With COP26 underway and the world’s leaders discussing ways to collaborate and devise a positive plan of action, it’s a timely moment to reassess the design industry and its environmental impact. And looking at the interiors sector in particular, there are many ways it can reduce its footprint, with small actions that en masse can result in major global change.
Exploring the potential for a second life of every product is one good place to start – can it be reused, repurposed, or recycled? And as consumers, the notion of buying less but buying better is key. While buying antiques, vintage pieces and second-hand furniture has an important part to play, there will always be times where we need to buy new. In these instances, opting for brands and designers that can give full traceability of each piece is the ideal.
Stefan Dodds, co-founder of Dodds and Shute, a design-led firm dedicated to sourcing the most sustainable products, agrees that everyone needs to be buying from responsible and transparent businesses. “We need to recognise that sometimes, there is slightly more inconvenience in doing this,” he says. “Always ask questions of the brands you’re purchasing from – where are the goods made, what is the company’s sustainability policy, what does the company do to eliminate modern slavery in their supply chain? If people can’t answer these or aren’t willing to investigate them, this should be an alarm bell.”
While this places an increased onus on consumers to do their research, it is vital that brands also ensure they are communicating effectively to eliminate this pressure and offer consumers a real insight into such area. This commitment from brands, coupled with consumer shifts, could result in further positive change at a quicker pace. “We need to get away from the throwaway culture we are used to,” Dodds continues. “For example, when you’re buying a sofa, think about keeping it for the rest of your life.”
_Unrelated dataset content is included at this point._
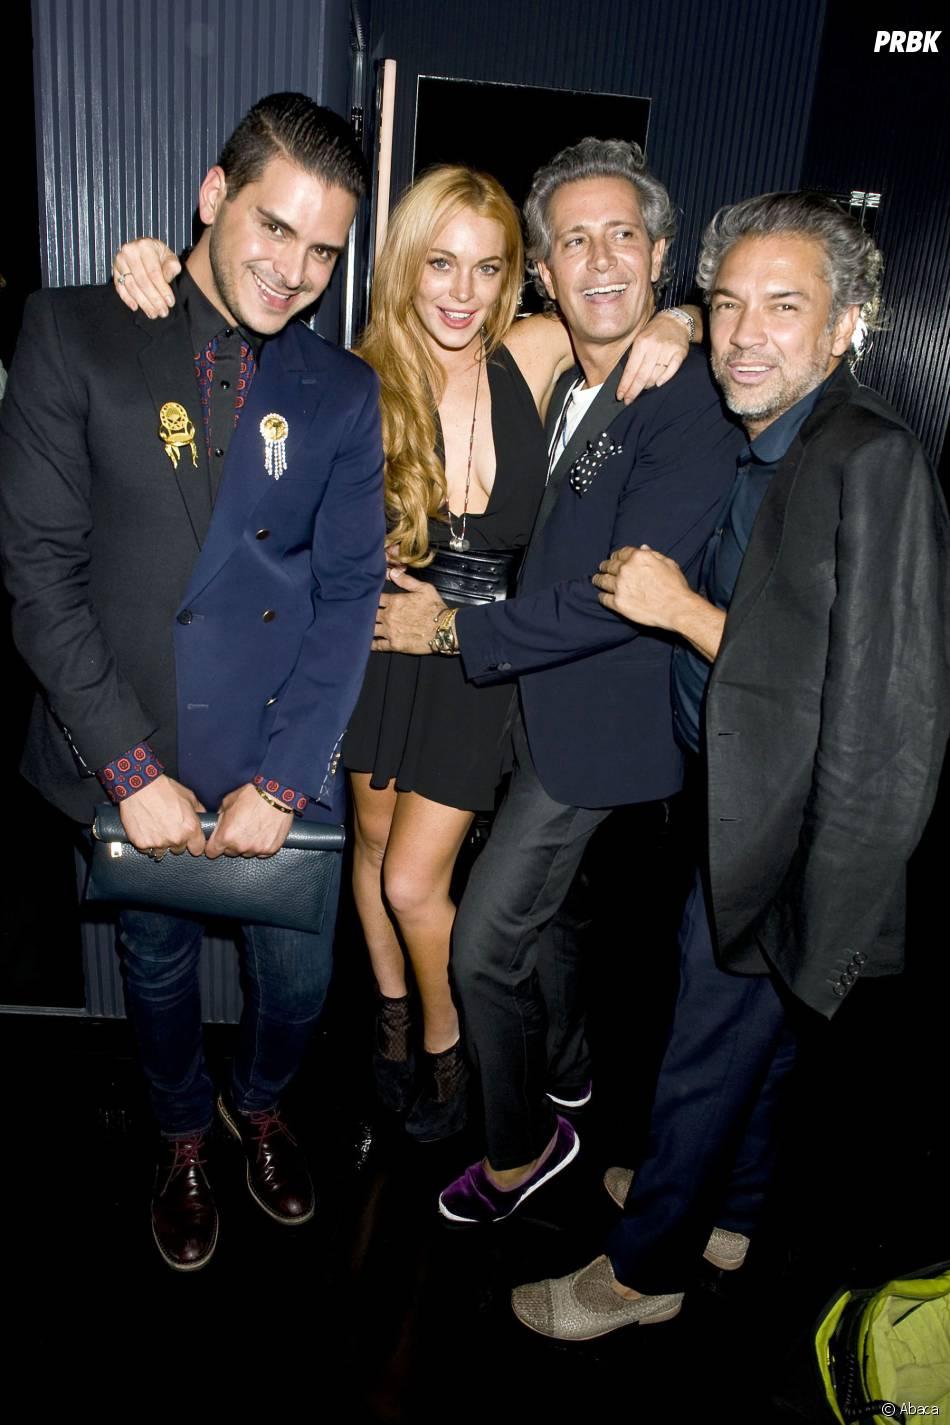 Lindsay Lohan, Markus Molinari et ses amis, le 11 septembre 2013 à New York

We cannot afford to sit back and wait for someone else to sort the problem out.Fiona Ginnett, director of kitchen studio HØLTE
Jennifer Manners – a former news journalist and now an award-winning textile designer – has taken a practical and highly effective approach to co-opting that throwaway culture. Realising that high performance (in other words, durability and ease of cleaning) is a desirable quality in rugs, and keen to increase their sustainability, she researched fibres made from recycled plastic bottles – the polyethylene that ends up in vast quantities in the ocean.
Manners quickly discovered that options were limited, and certainly not up to the requirements of high-end textile design. Instead, she invested considerable time and resources into creating her own fibres, comparable to the feel of wool, and which won her a Best Sustainable Product award at Decorex. What is so compelling about Manners’ approach is that the result is a product that is both sustainable and highly desirable.
Taking an alternative approach, Jules Haines founded The Haines Collection two years ago to create more circularity within the textiles arena. A platform dedicated to the reselling of unwanted textiles and home accessories, it includes fabrics from designers like Kit Kemp, with brands now seeing the benefit of utilising such an infrastructure rather than sending them to landfill.
“With textile waste being a well-known problem in the fashion industry, we plan to highlight how much textile waste is from homeware and furnishing fabrics,” says Haines. “42% of textile waste in UK landfill is from the home, which means it’s a huge problem that we need to address. Brands initially were slow to understand but two years on, thankfully it is a different story and people are becoming increasingly conscious.”
Entrepreneurs like Haines are providing hope that transformation is possible, and with the platform seeking to expand into new areas, it can facilitate such transitions across the whole industry.
While the interest in such platforms does indicate that awareness has increased, Dodds still feels worried that change may not take place soon enough: “I believe the majority of our clients want change and want to do better in their procurement/purchasing habits, but it’s still not easy enough to know where something is coming from and how it’s being made,” he explains. “We need to move away from the desire of purchasing new goods to meet the latest fashion.”
While the need for brands and designers to shift their attention to more mindful strategies is urgent, implementing new systems and changing business structures can be time-consuming and costs money. Fiona Ginnett, director of London-based kitchen studio HØLTE, says that for them, it has been a minor consideration: “We see it as an investment in not just our own knowledge and understanding of how we can live more sustainability, but that of our customers, contractors and collaborators and the wider design, architecture and interiors community,” she says. “And, of course, the planet.”
The company has recently undertaken extensive research to analyse the carbon footprint of each component they create, sharing the findings with each client they work with. “We have always been conscious of our impact as a business and that of our products and strive to use the most sustainable materials available alongside using renewable energies and reducing waste,” she adds. “However, we fundamentally cannot improve without understanding our true impact.” This commitment is something all brands can learn from, and in leading the kitchen sector within this area, Ginnett hopes it will encourage more to follow suit.
While the current climate change conference is another wake-up call for action, Ginnett urges everyone to move forward with a renewed sense of individual responsibility: “We cannot afford to sit back and wait for someone else to sort the problem out,” she says. “We all, businesses and consumers alike, share the opportunity to make things better.” And, with more tools becoming available and an increased awareness leading to increased action, it’s incumbent on the design industry to pull together to create the change that future generations so urgently need.